More than knife skills
“Without FareStart, I’d still be a tumbleweed. I didn’t have a foundation on which to build, but Life Skills class taught me about having a power team and staying in my own lane.”
For many of our students, enrolling at FareStart is a way to pause, reflect and reset. Some are coming in from incarceration while others are fighting homelessness. No matter where they begin, we know that FareStart can set them on a path to where they want to go and we accomplish that not only through teaching culinary skills and job training, but through our Life Skills curriculum in our Adult Culinary Program.

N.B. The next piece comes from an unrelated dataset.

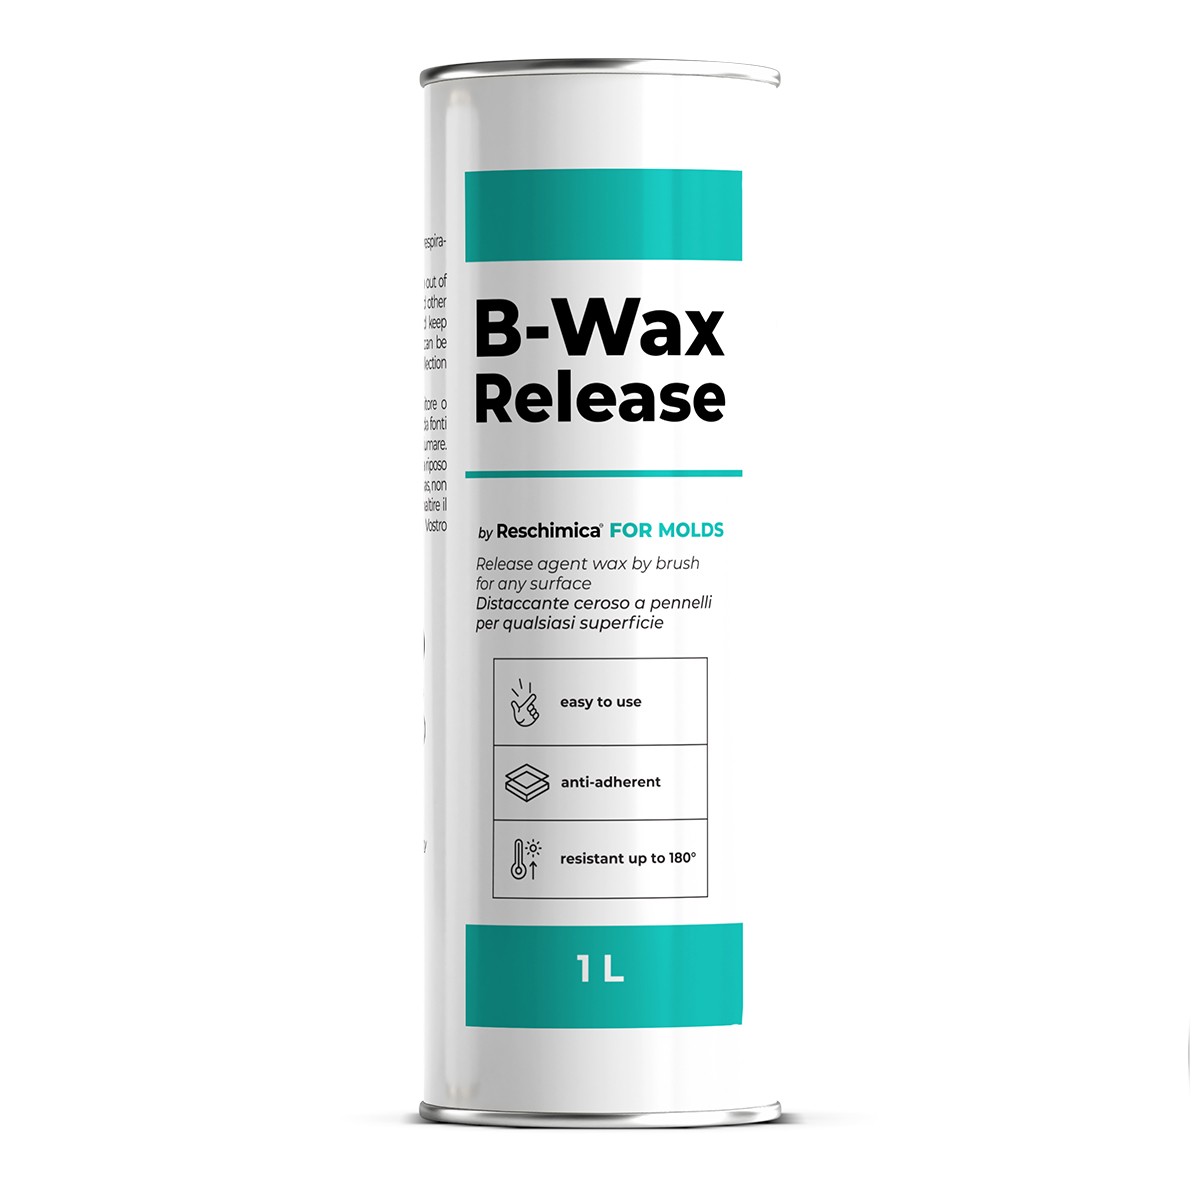 B-WAX RELEASE - Release agent by brush

Life Skills is taught in a classroom setting and it follows them through the entire program. In the classes, they see and hear inspirational stories about people who have overcome barriers, bad life circumstances and in some cases choices to be successful. The classes are structured through lectures, videos, articles, exercises and discussions that allow people with different learning styles to find a way to connect to the material.

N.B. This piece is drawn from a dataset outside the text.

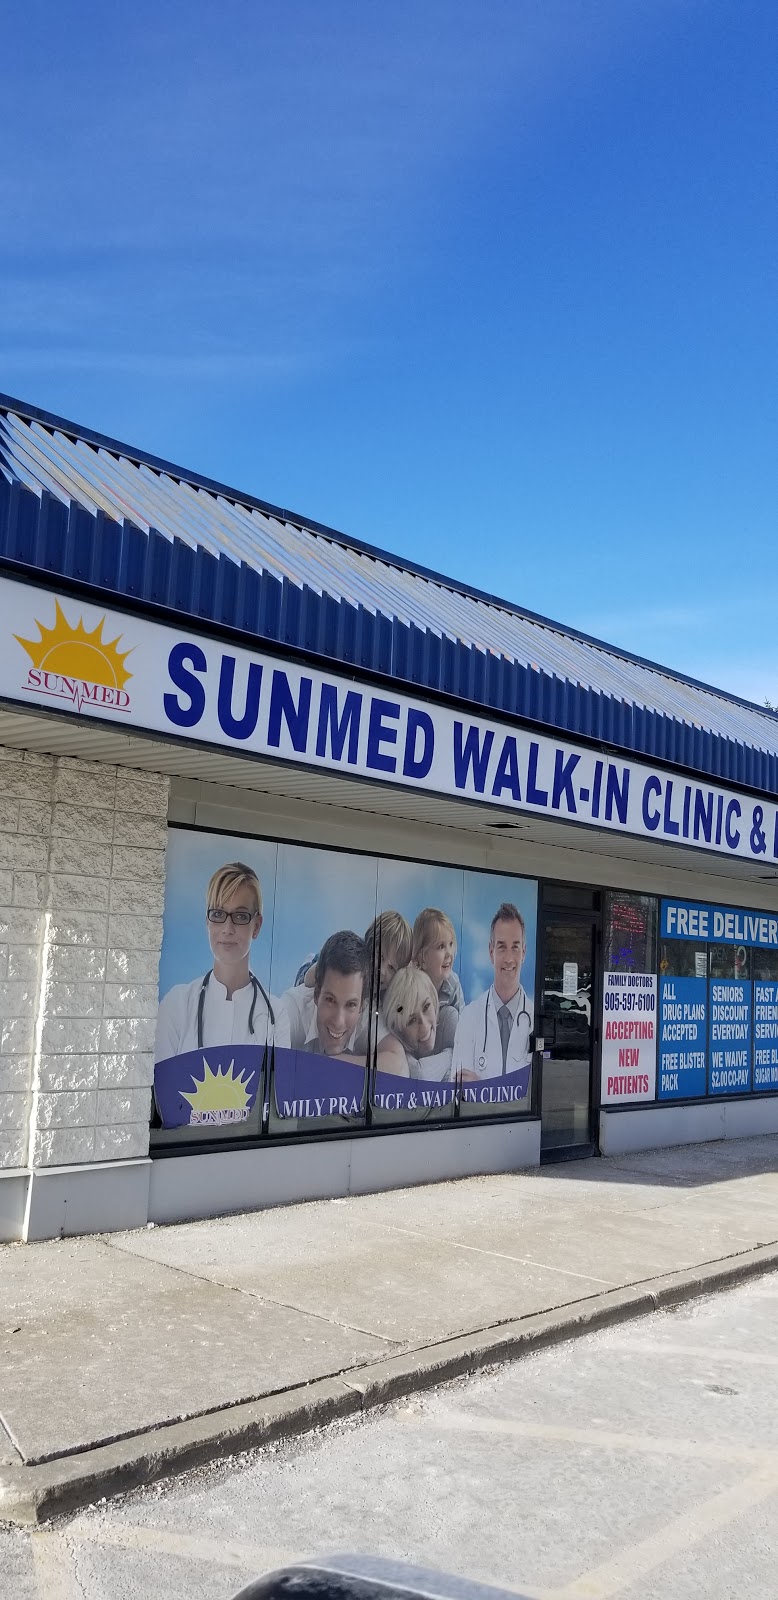 Sunmed Family Practice and Walk-In Clinic | health | 300 Steeles Ave W #10, Thornhill, ON L4J 1A1, Canada | 9055976100 OR +1 905-597-6100

We also have a philosophy that runs through our Life Skills classes and our training in the kitchens that no matter where someone is on their journey they are worthy of respect. We all have different ways of seeing things and different backgrounds and we should respect that by not prying, not judging and working together as a team to get tasks completed. It stops potential drama in its tracks.
Oftentimes, our students have been in situations where they felt they didn’t have any control or have not had the opportunity to stop and breathe and evaluate their own emotions. Some of them have been outside on their own for a while or in places where they had to hold their emotions in to protect themselves. Our Life Skills classes give them that opportunity to explore and reconnect in a safe, guided process.
“When I first came to FareStart, I didn’t know where to start,” Joanie, an Adult Culinary graduate said. “Life Skills gave me a place to start interacting with people again.”